Despite their ruggedness, it's dangerous for them to land on slopes of over 15 degrees -- that is, on steep hills, cliffs or crater walls -- or in excessively rock-strewn areas which could also be hard for the rovers to weave their way through after landing.

Overly dusty areas would be safe to land on, but would also interfere with the rovers' travels because of traction and dust problems.

Then there is the problem of their "landing ellipses" -- the very wide areas in which we can be confident they will touch down, given the built-in inaccuracies of their Earth-based navigational tracking.

The cancelled 2001 lander would have featured an experimental new guidance system that would have guided it to within 10 km of its target point, but that test has now been postponed until 2007.

The Vikings, Pathfinder and the Mars Polar Lander all landed within 30 km of their target points, but that may have been pure luck -- the 2003 rovers can only be sure of landing within a zone stretching 30 km north-to-south, and between 60 to 220 km east-to-west depending on the site's latitude. Therefore any landing site must be picked on the basis that a safe landing is essentially possible anywhere within that big landing ellipse.

Despite all these limitations the first survey of Mars' surface for possible landing sites for 2003 found a surprising number of "safe" candidates -- 85 for MER-A and 68 for MER-B. These sites were chosen on the basis of:

  1. Viking Orbiter photos with a resolution of about 100 meters;
  2. MGS photos that sampled small individual areas within the possible landing ellipses with only 3-meter resolution to check the small-scale ruggedness of the local terrain;
  3. MGS laser altimeter measurements of site altitude; and
  4. radar and thermal studies of the rock and dust content on the local ground.

The second stage of the selection process is to narrow down this list by locating the most scientifically promising landing sites among that 153 acceptably safe candidates.

But this search was complicated by the fact that any area selected must have scientifically interesting features within virtually every part of its big landing ellipse, since there is no way to be certain just where within an ellipse the lander will come down, and the rover will most likely have a range of only a kilometer or so beyond that point.

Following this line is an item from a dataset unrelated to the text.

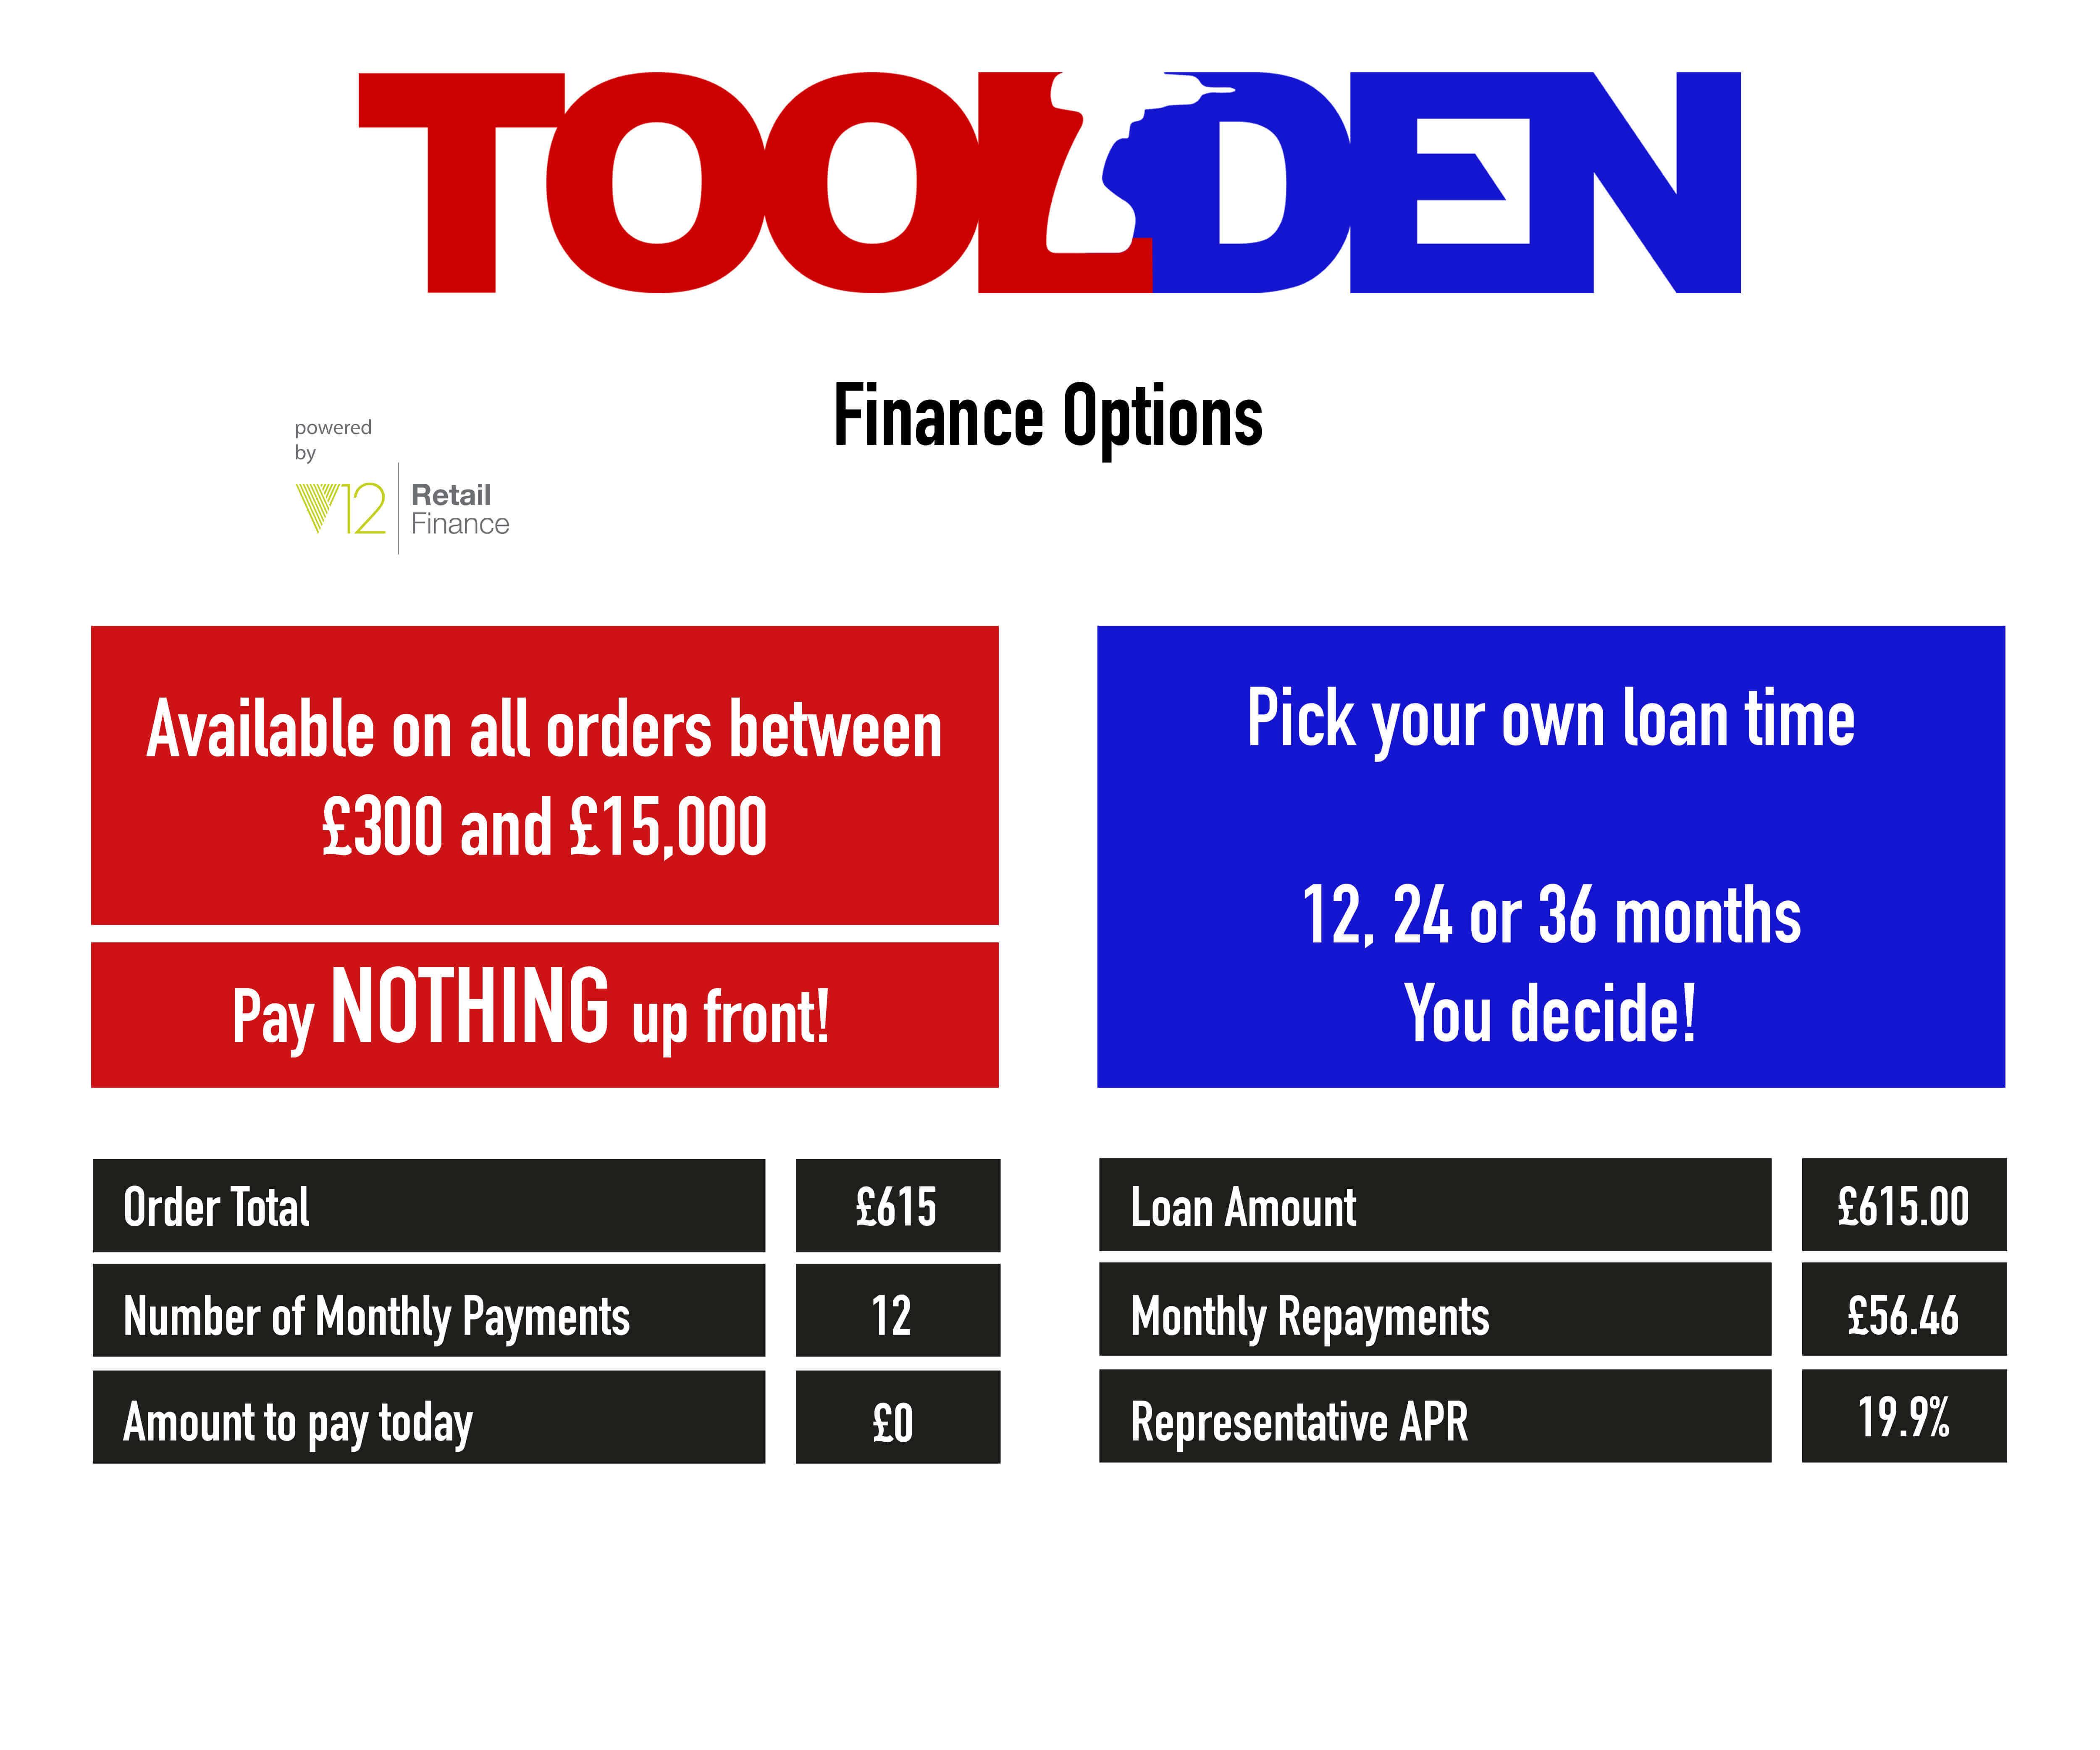 tooldenfinance-4.jpg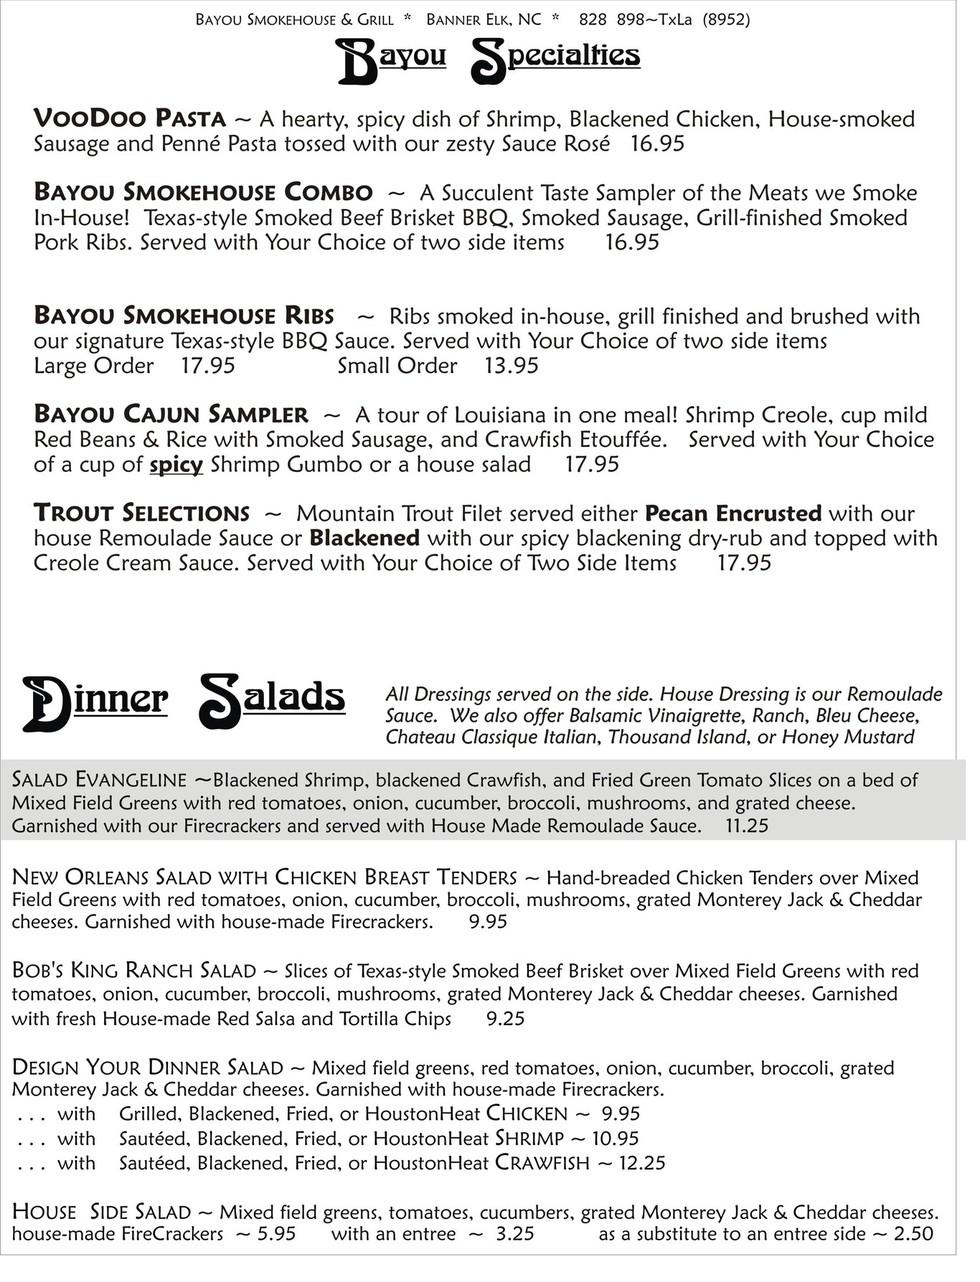 Section image may menu page 2

At the start of the January Landing Site Workshop, the planetary geologists taking part had provided a total of 39 especially scientifically promising choices among the usable landing site ellipses. These fell into five general categories:

  1. Areas near ancient volcanoes which showed indications of groundwater runoff from melted ice on or near the volcano's slopes. Unfortunately, all of these were in areas finally judged to be at least moderately dangerous for landing.

  2. Areas in or near the mouths of big valley network channels -- that is, areas where water apparently ran across or just under the ancient Martian surface for long periods of time. These are unlike the huge "catastrophic outflow" channels -- such as the one leadeing into Mars Pathfinder's landing site -- which look as though they suffered gigantic eruptions of underground water that only lasted a few days and were thus unsuitable as a habitat for life.

  3. The floors of craters which look as though they may have once served as water-filled lakes -- judging from either valley networks flowing into them, or multiple layers of sedimentary rock of the sort discovered in many Martian locations by ( "mars-water-science-00n.html" )Ken Edgett and Michael Malin in 2000.

  4. Some of the tributary canyons of the gigantic Valles Marineris ("Mariner Valley"), which are suspected to be have been created primarily by tectonic strain during the upheaval of Mars' great "Tharsis Bulge" volcanic highland. Some of these canyons, like some of the "crater lakes", have multiple rock layers on their bottoms which may have been deposited as sediment during a time when the canyons were deep water-filled lakes.

  5. a remarkable feature discovered by Mars Global Surveyor's Thermal Emission Spectrometer (TES) for infrared spectral mapping of Martian minerals, which has rapidly become the clear frontrunner as a landing site for one of the two rovers (just as it was the favored landing site for the cancelled 2001 Lander earlier). This is the "Hematite Region" in the Sinus Meridiani area.